Related works and material:

  • The LFCBrowseSE tool, developed by GRyCAP (LSGC memeber), is able to list all LFC entries which have a replica on a SE given by its hostname. Optionally it provides owners'DNs and files SURLs.
  • On top of LFCBrowseSE, the biomed support tools, developed by I3S, provide the scan-se tool that scans all SEs with few remaining space. For each SE it returns a list of users along with the space they use and their email addresses.

Consistency between LFC and SEs: zombie & ghost files

Zombie files, aka. dark data, are physical file replicas with no more entry in any file catalog of the VO. Such files waste space on SEs and are likely to remain forever unless some procedure points them out.

Conversely, ghost files are entries of the file catalog with no more corresponding physical replica. Such entries load the file catalog with useless entries that may hamper the overall catalog performances.

Not all users of a VO may use the same LFC or any other kind of file catalog. In this case, the procedure set up to delete ghost files should allow for the configuration of files to be ignored: for instance, a set of regular expressions describing file names on SEs with well known pattern.

Related works and material:

The LHCb and ATLAS VOs use the following approach: (i) supporting sites periodically produce a full dump of their SE (file names); (ii) the VO data manager compares this content with the file catalog content, and removes zombie replicas (scalability issues with large SEs), and removes ghost entries from the catalog. The procedure and format of the storage dumps is generic and reusable. The comparison tools for LHCb are very experiment-specific and probably hardly adaptable. But the ATLAS comparison scripts are probably reusable.

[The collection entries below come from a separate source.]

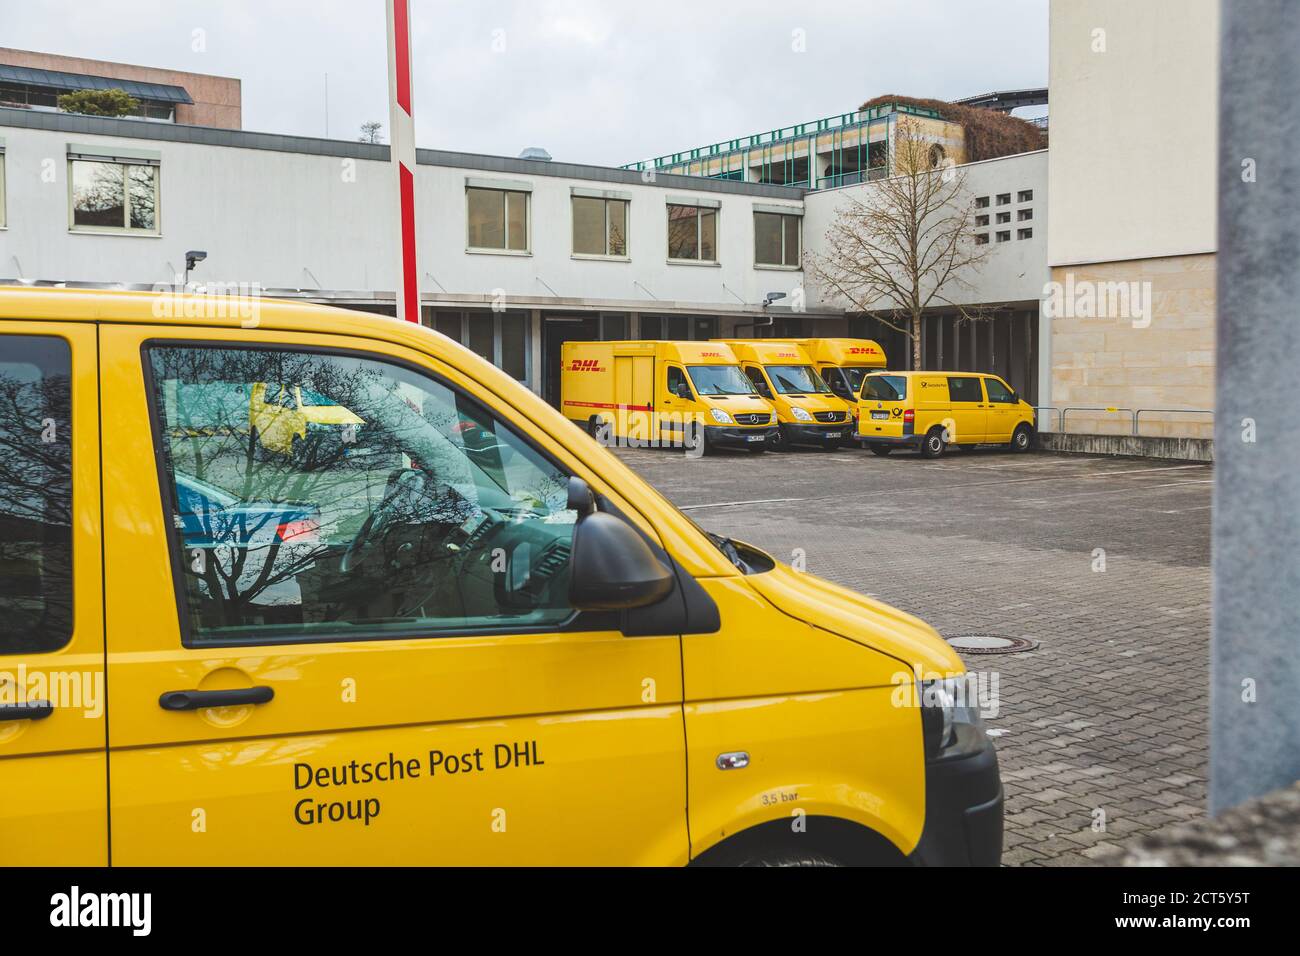 Bad Kissingen/Deutschland-31/12/18: Deutsche Post DHL Group Fuhrpark auf  einem Parkplatz in der Nähe der Post an der Münchner Straße. Deutsche Post  DHL Group ist Th Stockfotografie - Alamy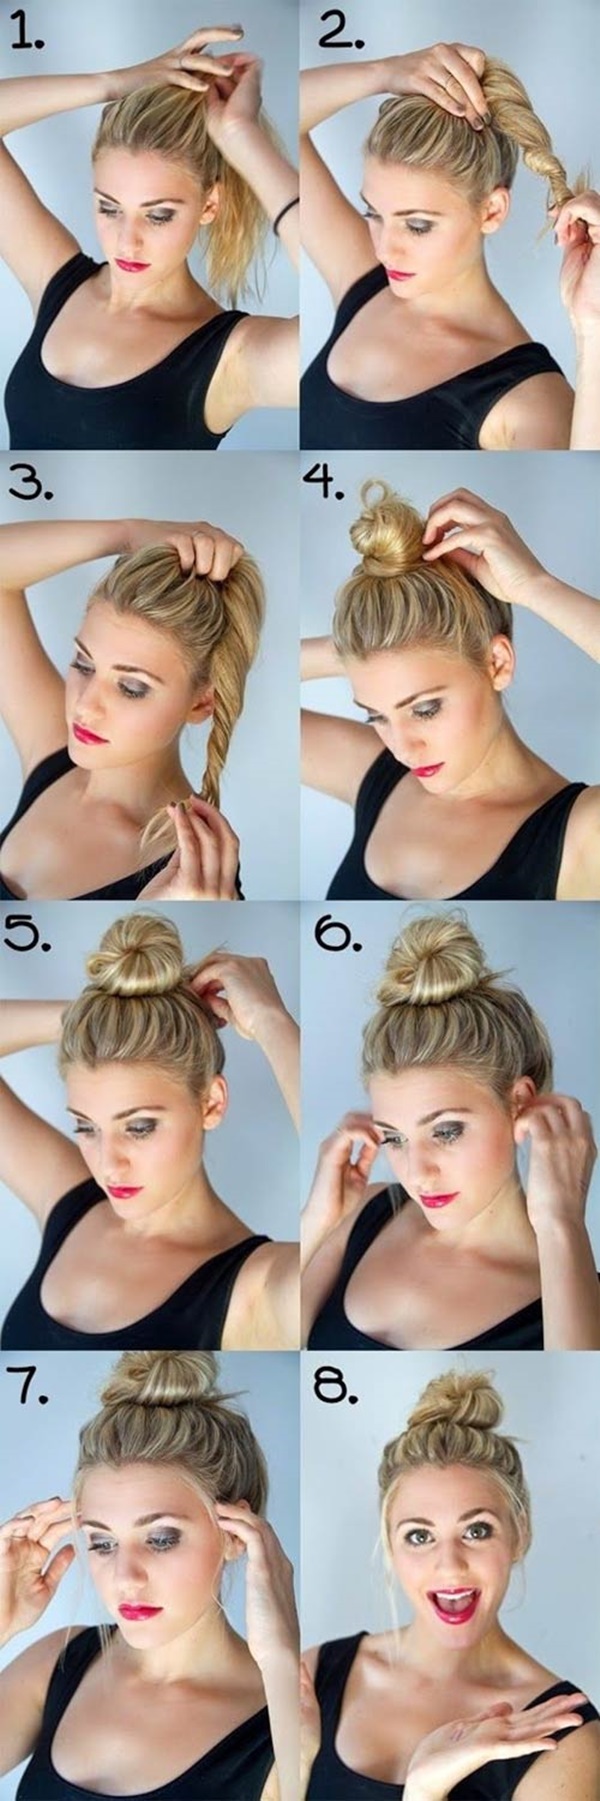 4 kiểu tóc thời trang đơn giản mà đẹp cho cô nàng bận rộn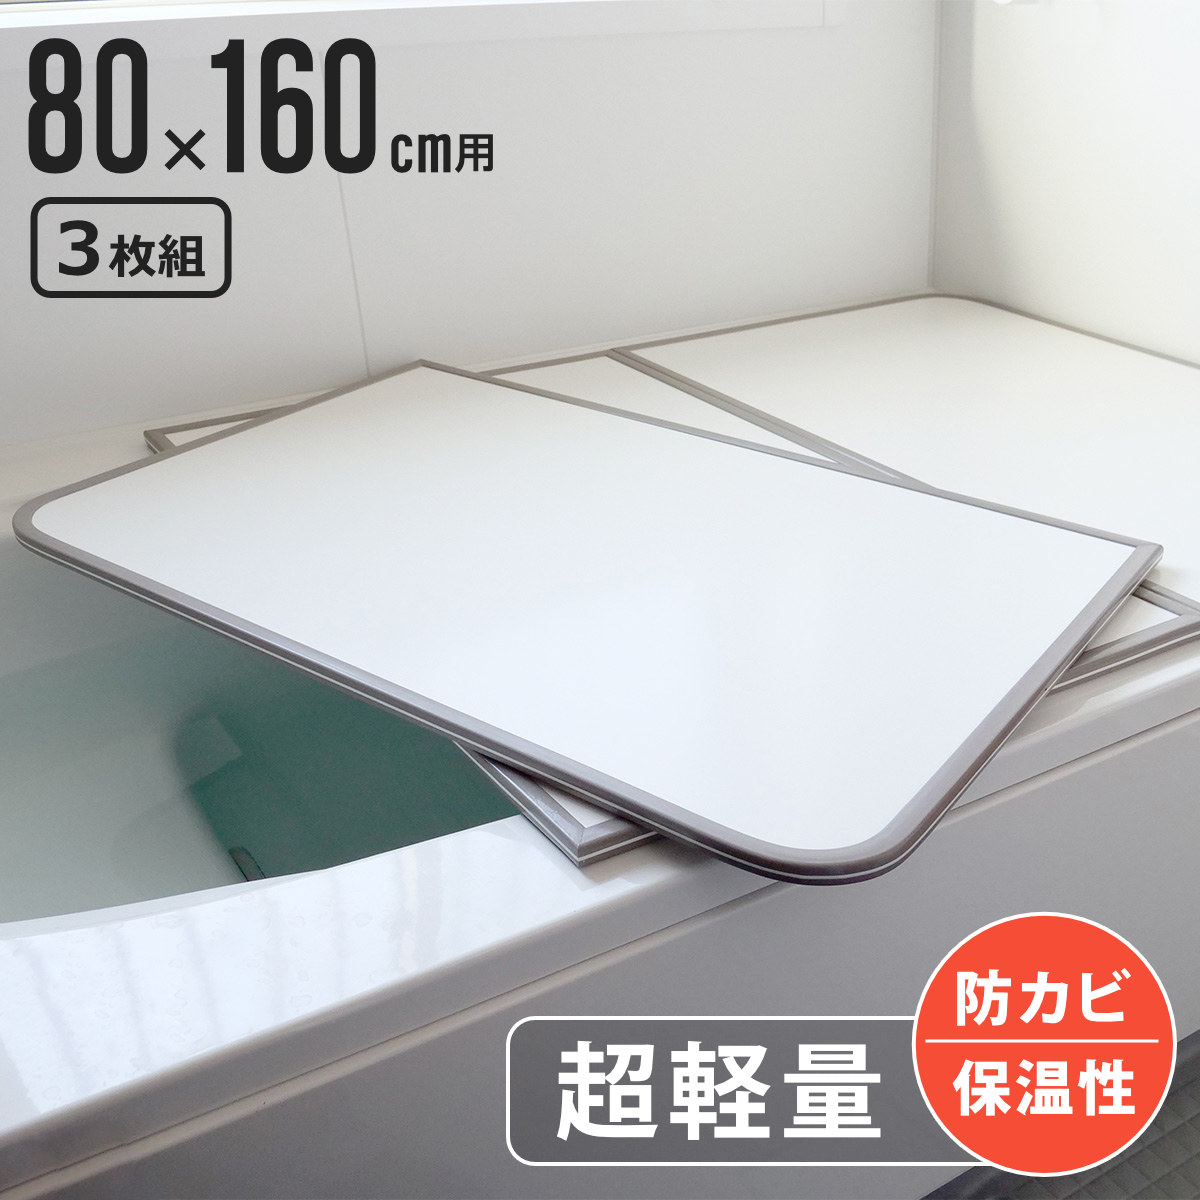  風呂ふた 組み合わせ 軽量 カビの生えにくい風呂ふた W-16 80×160cm 実寸78×158cm 3枚組

VAPOR needs to assess how this procedure could be adapted and automated in the context of other VOs. A test phase should involve a limited set of sites willing to participate. First, the SE dump should be done on demand to check the procedure validity, then dumps may be automated.

QMUL (UK) is ok to start this way. GRIF (FR) has proposed to test/tune the procedures before transmitting to sites, because: (i) some sites lack tooling/knowledge, (ii) procedures that perform too many requests to SE databases may be “SE killer”.

Other possible features

Set up a counter of number of tickets submitted by site, time ticket remain open, so that VO managers can eventually figure out problematic sites (if any), and consider corrective actions with them.

Community Accounting

Today, the only accounting tool available grid-wide is the EGI Accounting Portal. It produces per site, per NGI, and per VO resource usage reports. VAPOR intends to provide accounting reports at levels of organisation closer to the user communities: per VRC resource usage, per VO sub-group resource usage.

In VOs with fragmented user groups, estimating the future needs for resources is hardly possible as user groups remain independent. However, being making such estimations should be useful for catch-all VOs to be able to anticipate their needs and negotiate resources with sites and NGIs. In particular, the Resource Allocation Work Group currently works on the model of pools of resources contributed by NGIs. Such resources would be allocated to VOs in response to a "request for resources", in which VOs estimate the amount of CPU hours that they need.

VAPOR proposes projections of future needs for storage and computing resources of a VO, based on the extrapolation of passed accounting data from.